Libero l'assassino di Trayvon Martin


Libero l'assassino di Trayvon Martin
20/04/2012, 21:04

Libero, su cauzione di 150 mila dollari. Il tribunale della Florida ha così deciso per  George Zimmerman, la guardia privata che il 26 febbraio scorso ha freddato un ragazzo di colore disarmato, Trayvon Martin, di 17 anni.  Ma l'assassino ha pagato, si  comprato la libertà.
Il giudice ha imposto però a Zimmerman la sorveglianza elettronica con il gps, gli ha vietato di portare armi e di fare uso di alcolici e gli ha inoltre vietato di avere contatti con la famiglia della vittima. L'imputato si è scusato con i familiari del ragazzo. Il vigilantes ha affermato di essere dispiaciuto, non sapeva - a suo dire - che il ragazzo era disarmato ed avrebbe sparato per legittima difesa, dopo essere stato aggredito.
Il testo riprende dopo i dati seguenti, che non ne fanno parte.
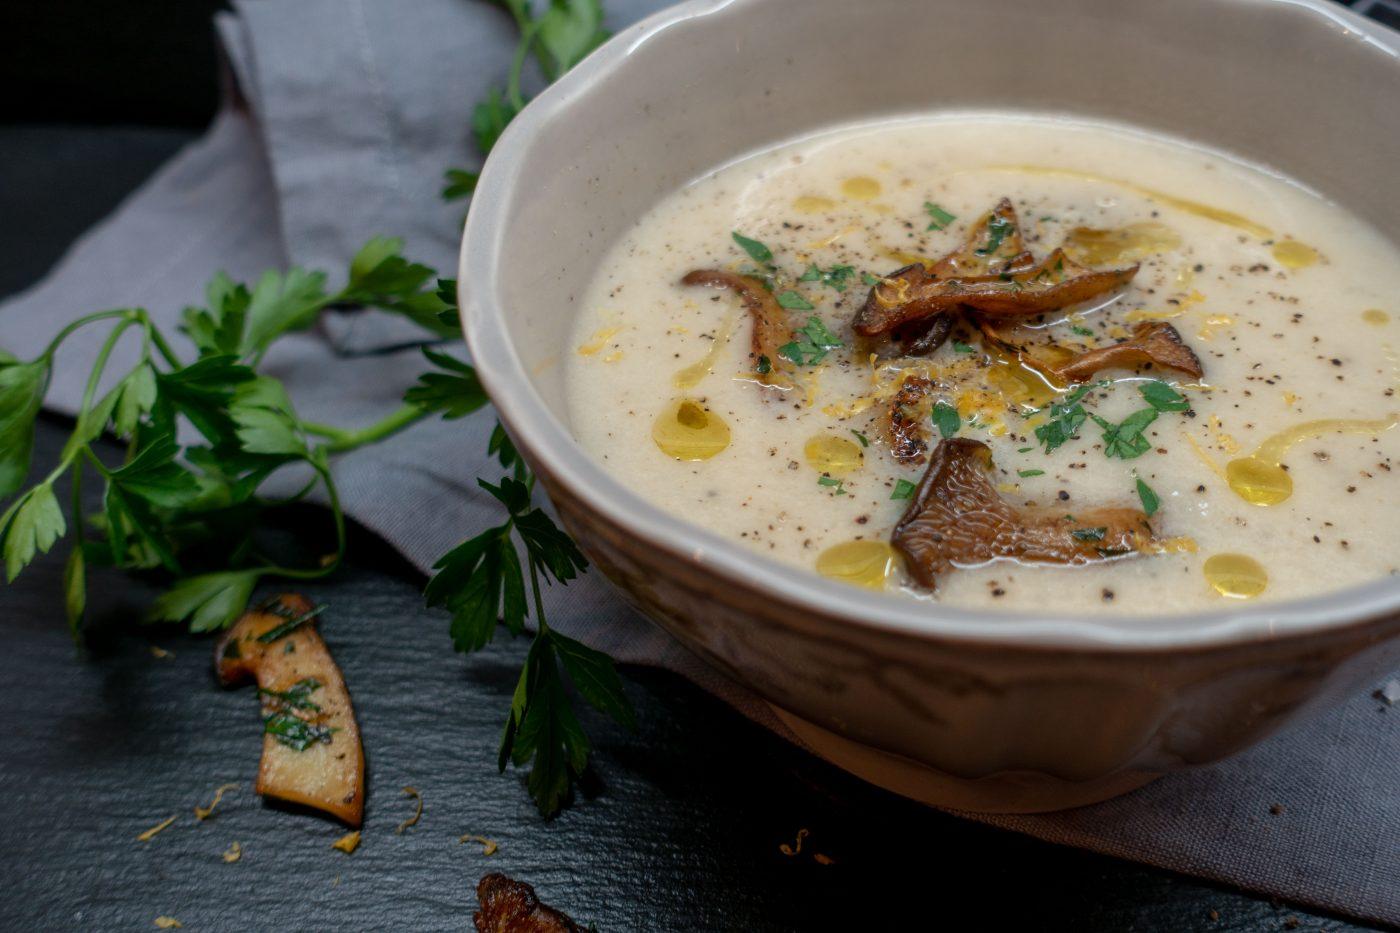 Schwarzwurzel-Suppe mit Kräuterseitlingen

Ma Trayvon è stato preso alle spalle. Stava andando a comprare le caramelle.
 


«DISPIACIUTO» - Zimmerman, in attesa di processo per omicidio di secondo grado, è salito sul banco dei testimoni per poche dichiarazioni in cui si è scusato con la famiglia del ragazzo per avergli sparato. Il vigilante ha detto «di essere dispiaciuto» e ha aggiunto che al momento del confronto con lui non sapeva di trattasse di un 17enne disarmato. Il vigilante volontario ha affermato di aver sparato per legittima difesa, dopo essere stato aggredito. Trayvon è stato ucciso mentre camminava per strada con il cappuccio alzato, per andare a comprare le caramelle.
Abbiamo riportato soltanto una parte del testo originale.